Further implementations include providing secure SOA systems 100
for use in monitoring and situational awareness networks and for
environments which may require implementations of business
processes mediated by the exchange of messages between
network-based services in a secure environment.
[0025] SOA systems 100 can include subsystems and/or computing
devices. In communicating between one another, the SOA systems 100
may be considered as a node and/or a sub-system or computing device
may be considered a node. In general, a node allows communication
between SOA systems 100. Such nodes may be implemented with the
described SOA architecture that allows secured, standardized, and
simplified communications between SOA devices and systems 100.
Nodes in particular can act as a central authority for routing SOA
traffic between software/computer programs or applications that
provide services into a given network (e.g., network 102).
[0026] In this example, SOA system 100-1 includes computing devices
104-1, 104-2, . . . , 104-N. SOA system 100-2 includes computing
devices 106-1, 106-2, . . . , 106-N. SOA system 100-N includes
computing devices 108-1, 108-2, . . . , 108-N. Computing devices
104, 106, and 108 may be implemented using the described SOA device
architecture. Computing devices 104, 106, and 108 may be one of
various computing devices, including personal computers, laptops,
desktops, server computers, etc. Computer programs or applications,
such as SOA business applications, may be resident or accessed by
computing devices 104, 106, and 108, where nodes of the devices
provide communication using the described SOA device
architecture.
[0027] FIG. 2 illustrates exemplary layers of an SOA device 200.
SOA device 200 may include computing devices 104, 106, and 108. In
this example, SOA device 200 includes a variable or configurable
layer 202 and a standardized layer 204. Layers 202 and 204 may be
implemented in software, firmware, hardware, and/or a combination.
In an embodiment, SOA device 200 combines capabilities required for
secure messaging in a service oriented architecture in a single,
indivisible package, eliminating the need for additional layers of
software and eliminating the risk of incompatible software in an
application server.
[0028] Certain communication or protocols may be standard or
commonly used between SOA systems 100. For example, encryption or
communication encryption packaging may be a standardized feature
for the SOA systems 100. The encryption can be included in the
standardized layer 204. The standardized layer 204 may be included
as part of an operating system or non configurable software
application of SOA device 200.
[0029] Variable layer 202 may include variable data that is entered
or defined. For example, if any communication that is unique to, or
particularly between SOA systems 100, such communication, or data
related to the communication, may be included in variable layer 202
of SOA device 200. The variable layer 202 is set up specific to
environments of one or more of the SOA systems 100.
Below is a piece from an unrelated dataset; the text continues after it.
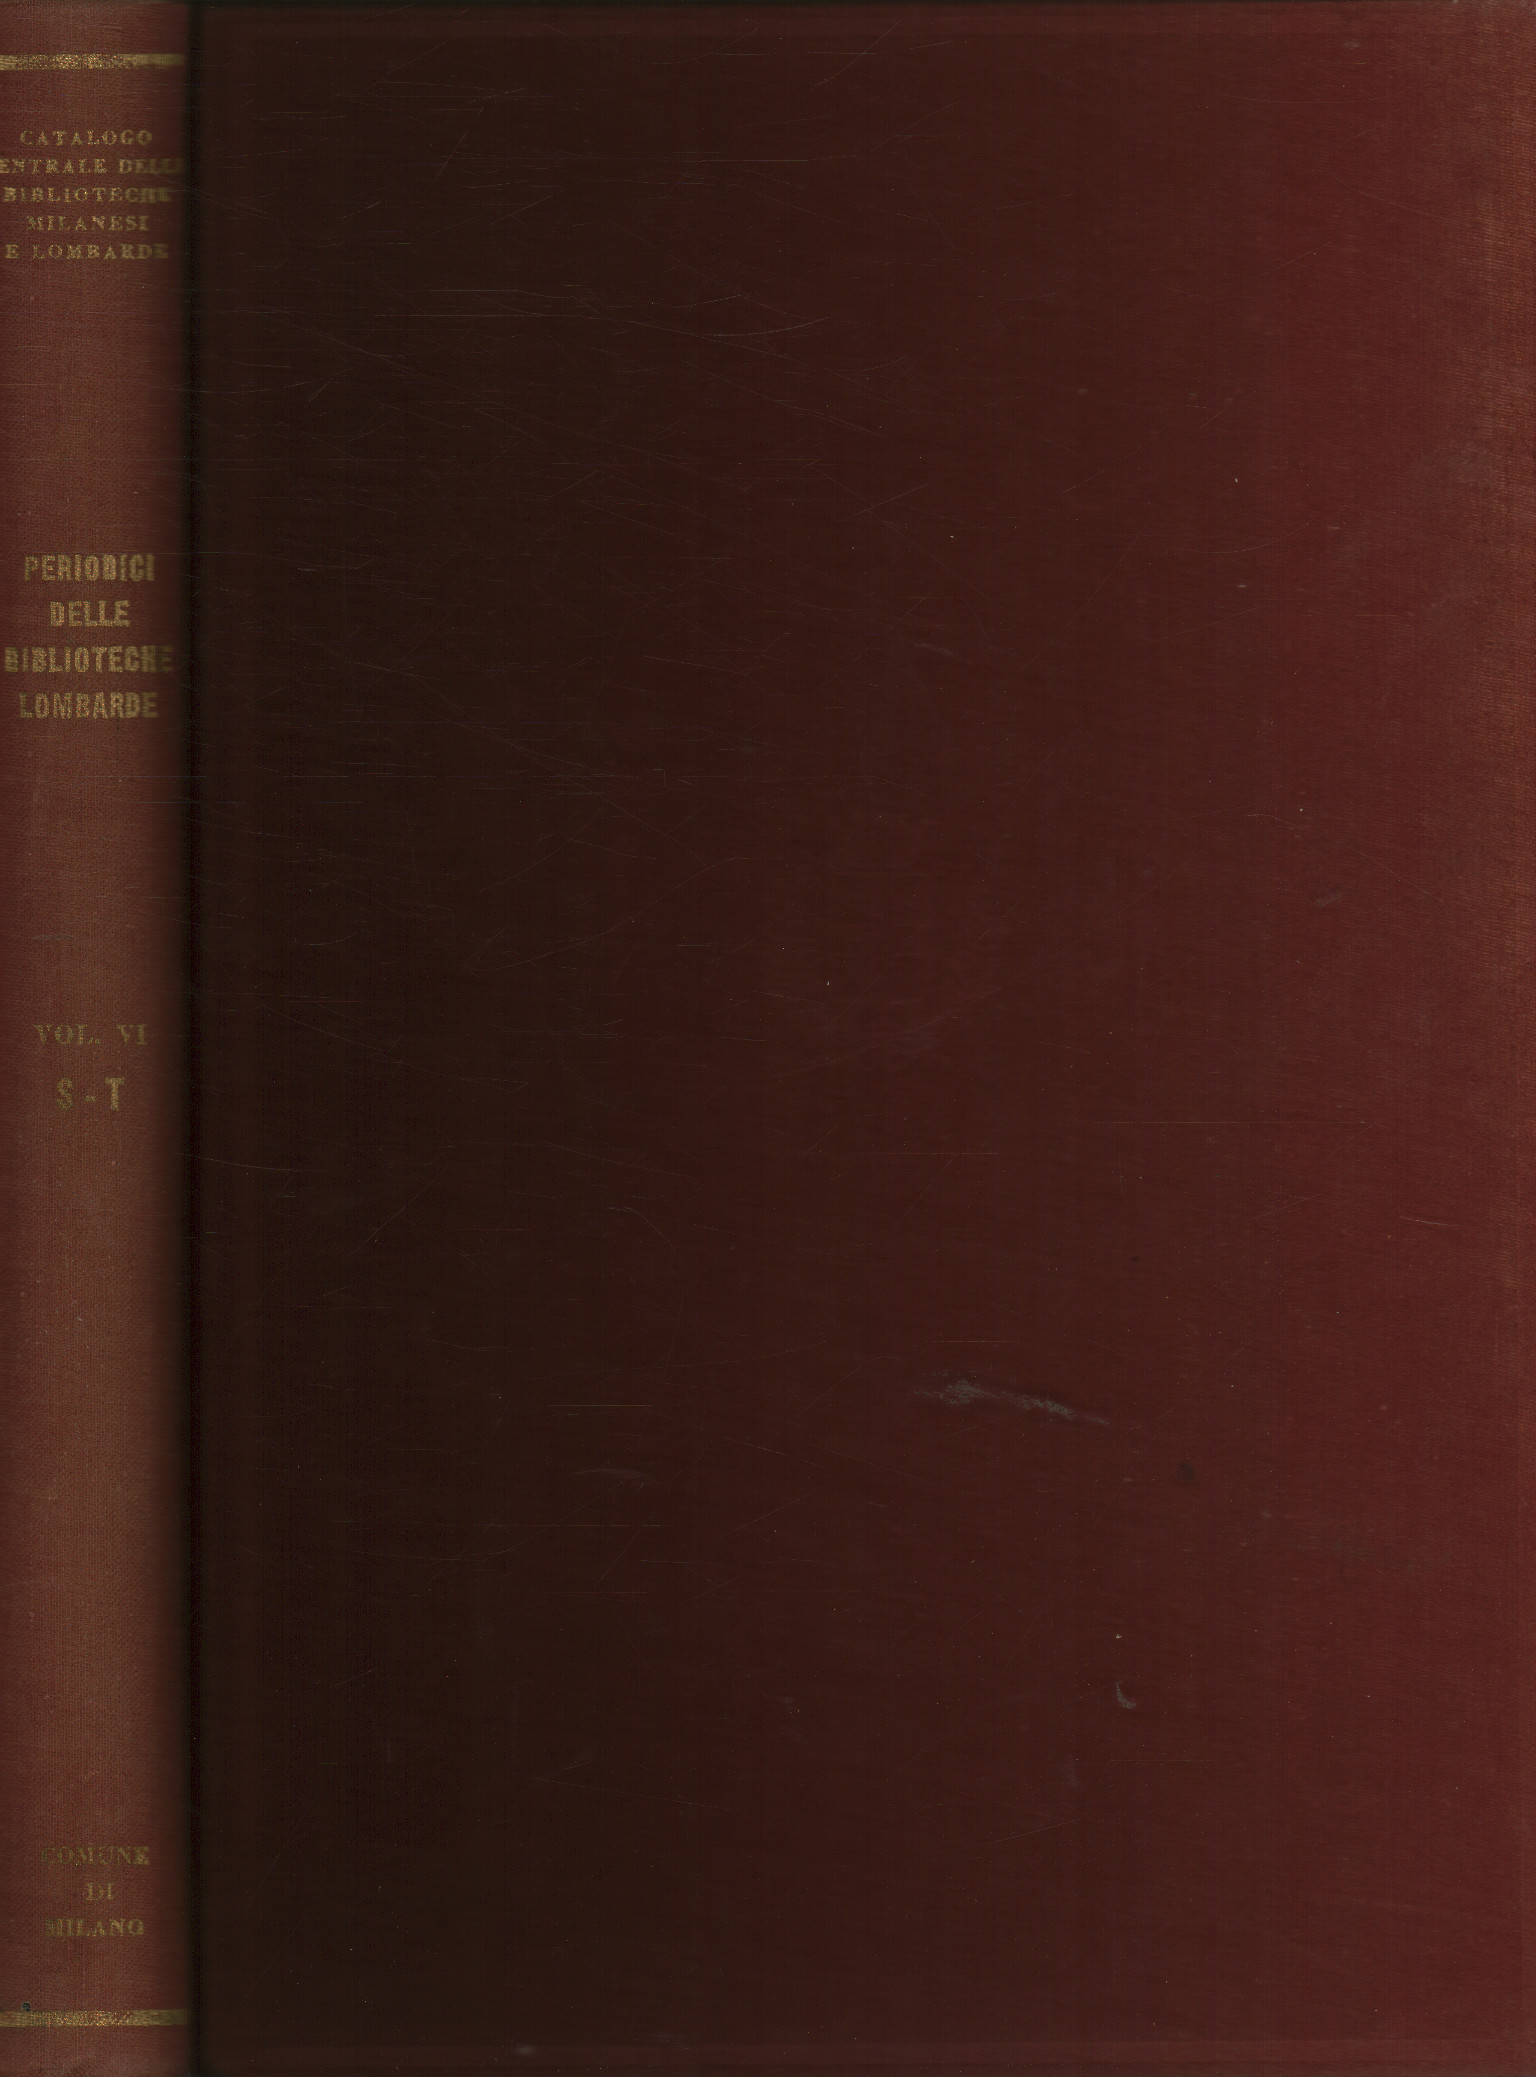 Catalog of periodicals of Lombard libraries., AA.VV

[0030] FIG. 3 illustrates exemplary logical components and paths of
a SOA device 200. In this example, the SOA device 200 includes an
operating engine 300, which may be considered a central
processor(s) 304 of SOA device 200. The operating engine 300 may
include operating system (OS) firmware, which may include an EEPROM
304. The operating system and applications (SOA business
applications) are loaded from firmware storage 304. The operating
engine 300 accesses functions such as encryption, compression and
routing as needed to support configured operational
requirements.
[0031] The example further shows an encryption component or module
306 used by the operating engine 300 to encrypt/decrypt messages,
configurations, and authentications. Encryption algorithms and keys
may be provided by secure configuration. Depending on the use of
encryption, different algorithms and/or keys may be used by the
encryption module 306. The encryption module 306 may be used to
provide security for external traffic, and in certain cases
internal traffic. The encryption module 306 may also be used by an
update interface, which may be connected via the operating engine
by proxy, to decrypt incoming firmware or configuration updates
prior to saving them to configuration storage.
[0032] The SOA device 200 may include a compression component or
module 308 that is used by the operating engine 300 to
compress/decompress message traffic. The SOA device 300 may also
include a routing component module 310 that determines routing of a
message type. For example, incoming traffic may be routed to an
appropriate service client(s), and outbound traffic may be routed
to appropriate SOA device computer or server for disposition.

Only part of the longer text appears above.